To create Version 2 of product documentation associated with a single container, Container_A_v1, an information architect clones the container (see Figure 5).
- A new physical version of the container file is created, Container_A_v2.
- All of the content maps in Container_A_v1 are also cloned and any references to them from other maps are adjusted, creating new versions of the maps that authors will use to update the documentation deliverables.
- By default, all the topic and image references in the container still point to the objects’ versions in Container_A_v1.
When authors begin to work on the content for the new release, they simply open the cloned v2 content maps and work from there. The content maps automatically reference the new version of their associated container.
At this point, all topics and images are shared between both container versions. Authors can decide whether they want their modifications to apply to both versions or branch an object to make modifications in one version only. Branching creates a new physical version of the object, with the same ID (key) but a different version. Its reference in Container A v2 is automatically updated. In this case, all content maps in Version 2 will automatically use this new file—without any action from the author—because the keyref they contain now points to it in the container as shown in Figure 6.
In this way, specific versions of containers are gradually updated with references to updated topics, but references to topics that haven’t been changed remain the same. If you need to create new maps or topics for Version 2 of this product, you simply associate them with Container_A_v2 at creation and set their version from the beginning to v2.
Thanks to indirect linking, no existing links are broken when you move to the next version of product documentation and no manual updating is required. And thanks to the features designed by Ixiasoft to support this container and versioning model, authors manage versioning with ease.
The advantages of indirect linking are also underscored when software components are removed from their traditional contexts and bundled with different product stacks.

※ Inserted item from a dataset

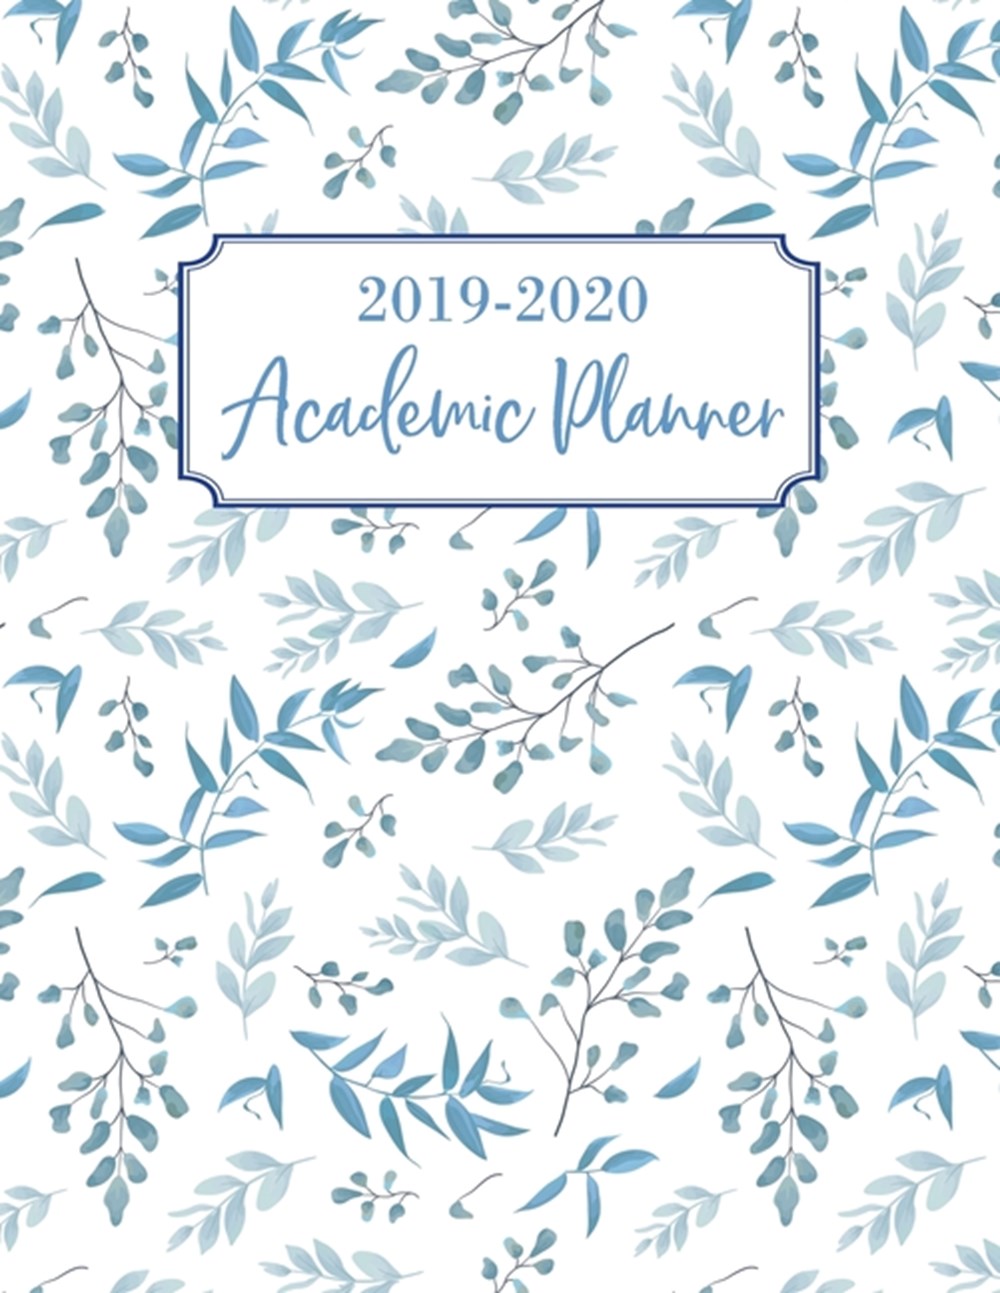 Academic Planner 2019-2020 Academic Year July 2019 - June 2020, 7 Subject Weekly Student Planner + M

The information architect determines the containers with relevant content for the new project. For containers whose content will be updated, a new container version is created. The information architect then models a new dependency tree using all the relevant containers, arranging them into a hierarchy according to the common architectural layering model.
When documenting the new release, authors either modify existing content maps (documentation deliverables) or create new maps associated with the updated container versions. Linking rules and resolution are defined by the new dependency tree. Any pre-existing references to topics that don’t belong to the current dependency tree are automatically flagged as unresolved. And because we will largely limit linking to relationship tables, unresolved links can easily be fixed—or simply not rendered in output.
TIP KM released its first customer-facing product documentation in November, 2012, just eight months after our decision to go with Ixiasoft DITA CMS. The SAP NetWeaver documentation set is in the process of migration, and by the end of the year, the documentation content for a recent acquisition, Sybase, is intended to move into the new system. Already mostly in DITA, it fits right into our model.
About the Author:
Priscilla Buckley began her professional writing career at Vogue magazine in New York, before moving to Paris, becoming a magazine journalist, and then technical writer. Based in the south of France, she is now a Knowledge Architect at SAP, where her primary project is the transition of Technology & Innovation Platform knowledge management to the adoption of DITA in a unified CMS environment.